Attempting to summarize, non-coding DNA has (some form of) power-law distribution since its evolution is not constrained by selection pressures.

Did I get it?

Attempting to summarize, non-coding DNA has (some form of) power-law distribution since its evolution is not constrained by selection pressures.

Did I get it?

Yep. Of course, non-coding DNA is still ‘designed’ per ID’s own definition since it is specified, complex information and as Febble and others have pointed out, gene duplication and preferential attachment can explain ‘such design’. In other words, ID’s ‘design’ cannot differentiate between actual and apparent design and is thus scientifically vacuous (and uses equivocation to make its jump from design to ‘intelligent designer’)

Why does the text (YEC) follow every mention of Salvador’s name?

Ok now it’s time for a concession even though I appreciate that it may be cherry picked and quote mined.

The terminology “junk DNA” is unfortunate, which is why science has been moving away from the terminology and is using non-coding DNA. Understanding the historical context of the terminology helps one understand that it was originally used to describe pseudogenes by Ohno, and evolved to describe any DNA which did not have any apparent function.

Somehow creationists have taken the term and, perhaps unaware of its scientific meaning and its historical evolution, have argued that junk DNA need not be true junk, mirroring much of the scientific literature with which they seem to be unfamiliar.
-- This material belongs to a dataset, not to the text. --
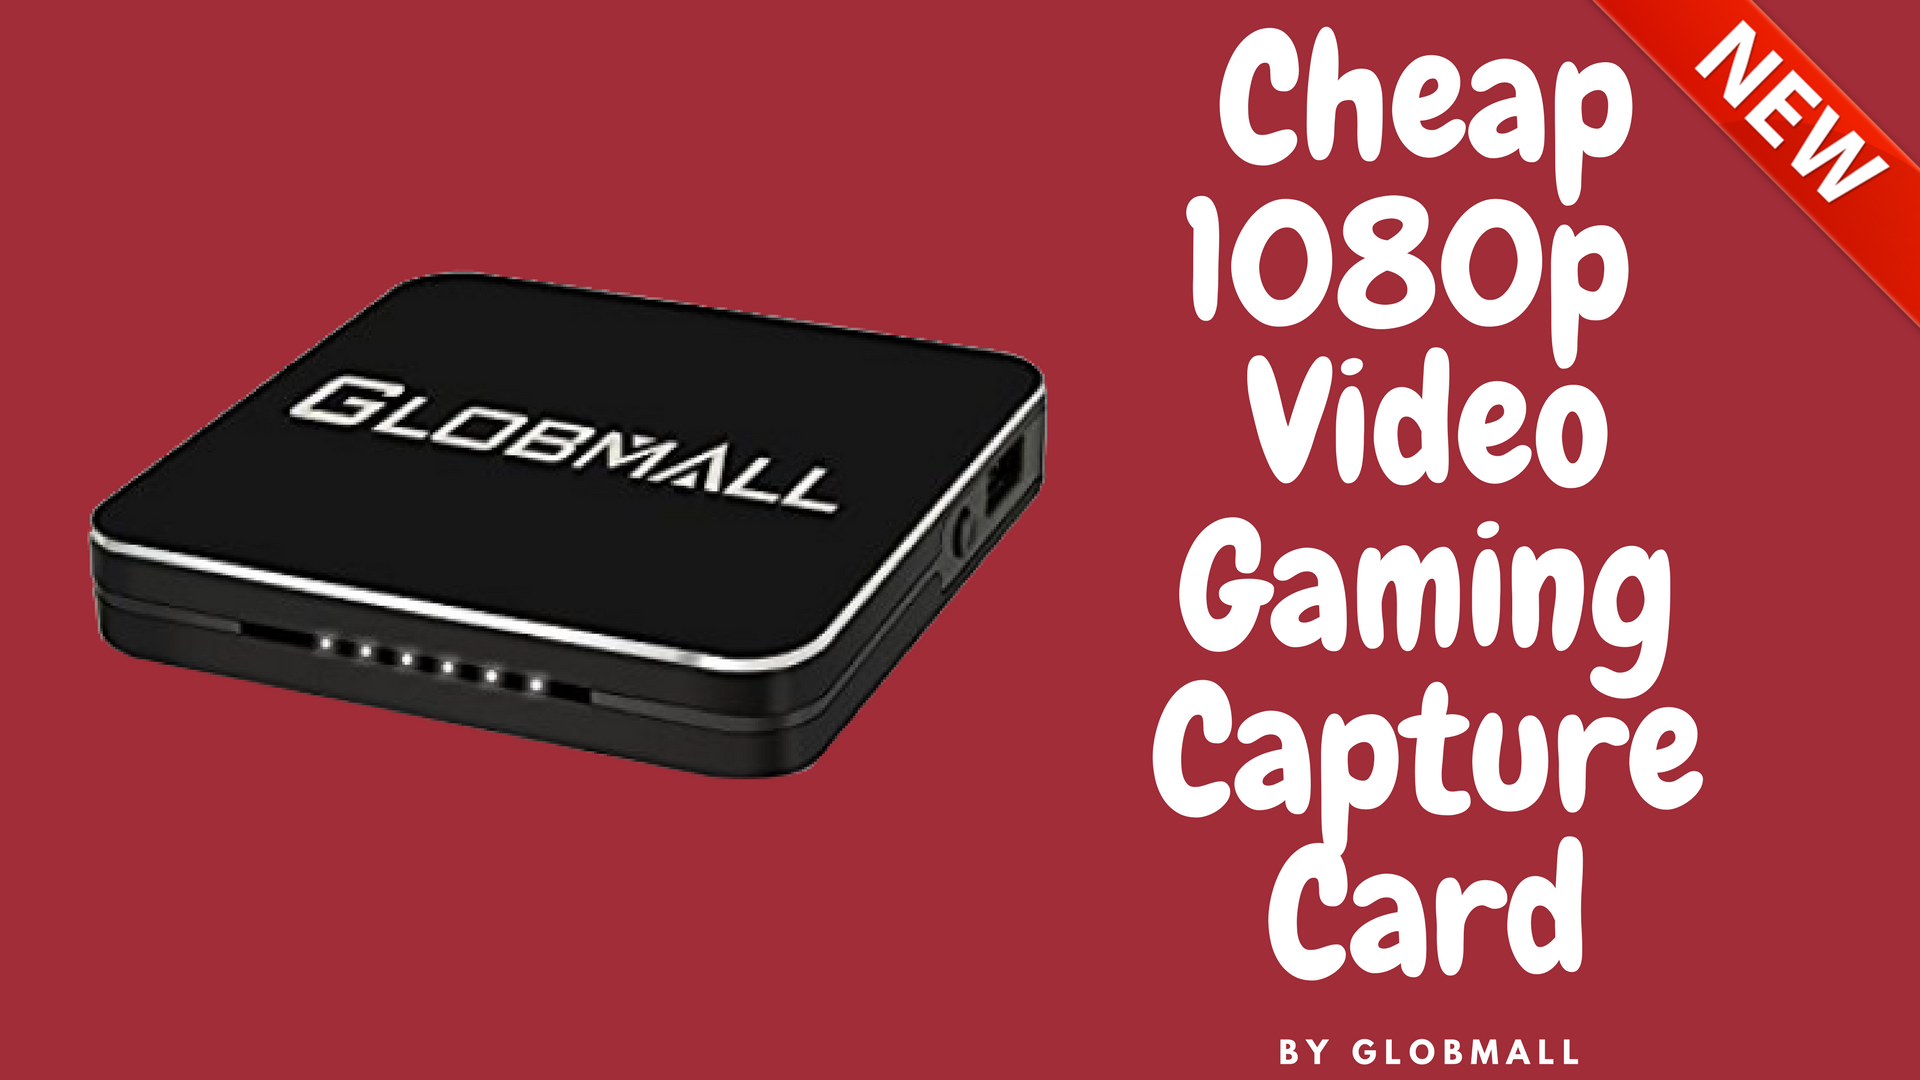 Cheap 1080p Video Gaming Capture Card

That non-coding DNA shows evidence of linguistic features is indeed fascinating and such findings have spurred significant new research into how to explain these features. ID proponents seem to have jumped onto this bandwagon by arguing that 1) Intelligent Design explains these findings better 2) intelligent design even predicted these findings

They are wrong in both cases. Intelligent Design does not explain anything, certainly not better since any time science proposes an explanation, ID is unable to compare its ‘explanation’ to said scientific explanation to show that it is a ‘better explanation’. To suggest that id predicts these findings is even worse an argument since there is no foundation for such a claim. All ID predicts is that design will be found only in areas which remain unexplained by science. Predicting function or correlations in Junk DNA only undermines ID and has no logical foundation in its fundamental position that design is the set theoretic complement of regularity and chance. In other words, an argument from ignorance.
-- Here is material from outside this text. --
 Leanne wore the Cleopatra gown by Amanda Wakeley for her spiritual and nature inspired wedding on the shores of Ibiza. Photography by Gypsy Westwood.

This leads but to one conclusion namely that ID as a research program or ID as a metaphysical foundation fails to be scientifically relevant and remains scientifically vacuous.

In case of Junk DNA, I have attempted to show that IDers are confused about the concept and meaning of the terms, that they ignore the scientific history of the term, and that their claims that ID predicts or explains these data are unsupportable.
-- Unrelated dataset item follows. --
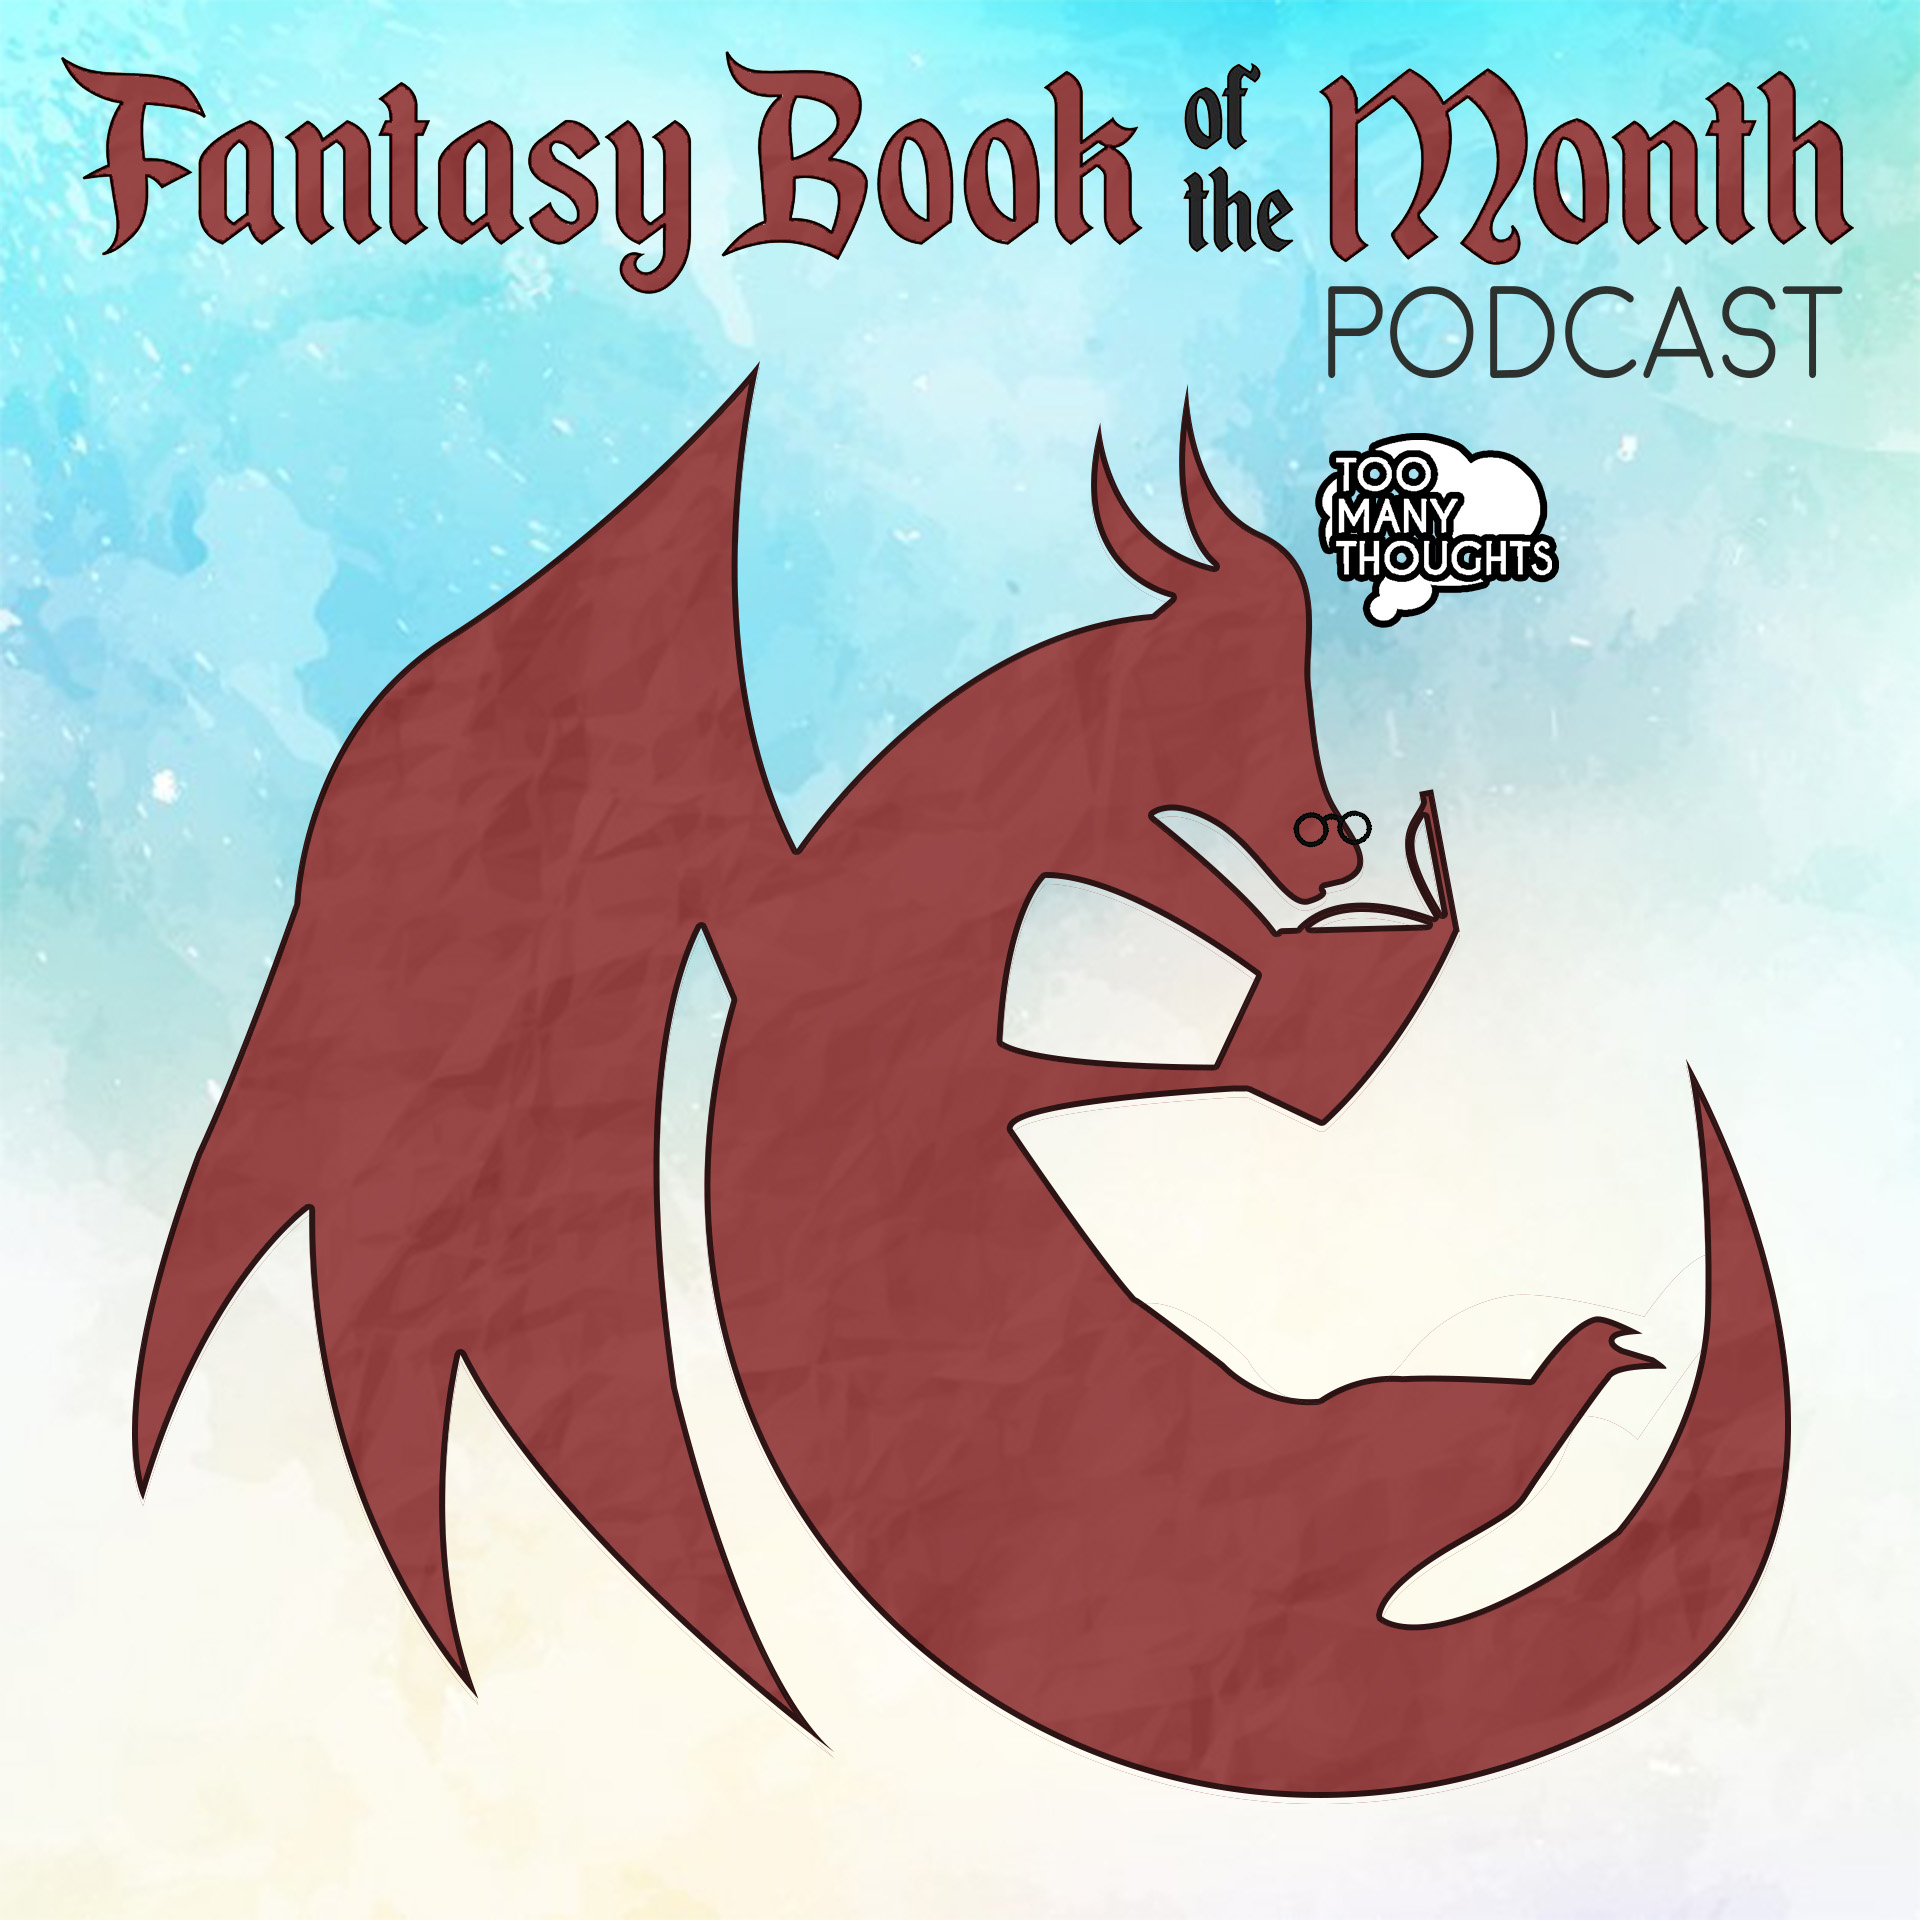 Fantasy Book of the Month Podcast artwork

In addition, I have attempted to show how research into Junk DNA has uncovered various functions and correlations, none of which seem to require an appeal to an Intelligent Designer (wink wink).

Antony Wrote:

Why does the text (YEC) follow every mention of Salvador’s name?

It’s his ‘trademark’ :-)

The ID prediction for Junk DNA is that there isn’t any - that is, what looks like junk to us is actually something useful we haven’t figured out yet. This is suspiciously familiar to the creationist view that God would not put junk into the genome, but that’s not the point… :p

Personally I don’t know how they can make this prediction. They always tell us, when we point out suboptimal features (easily explained by evolution, not by ID) that ID simply detects design, and does not explain the how or why. But at the same time they make predictions based on analogies: that junk DNA is not junk, that DNA might look like a computer program… It seems that we can’t speculate about the designer, except when we can.

And I note too, that all these ‘predictions’ assume a designer who acts in ways familiar to us… human ways… except when the design is suboptimal, in which case he/she/it/they become some whimsical fairything.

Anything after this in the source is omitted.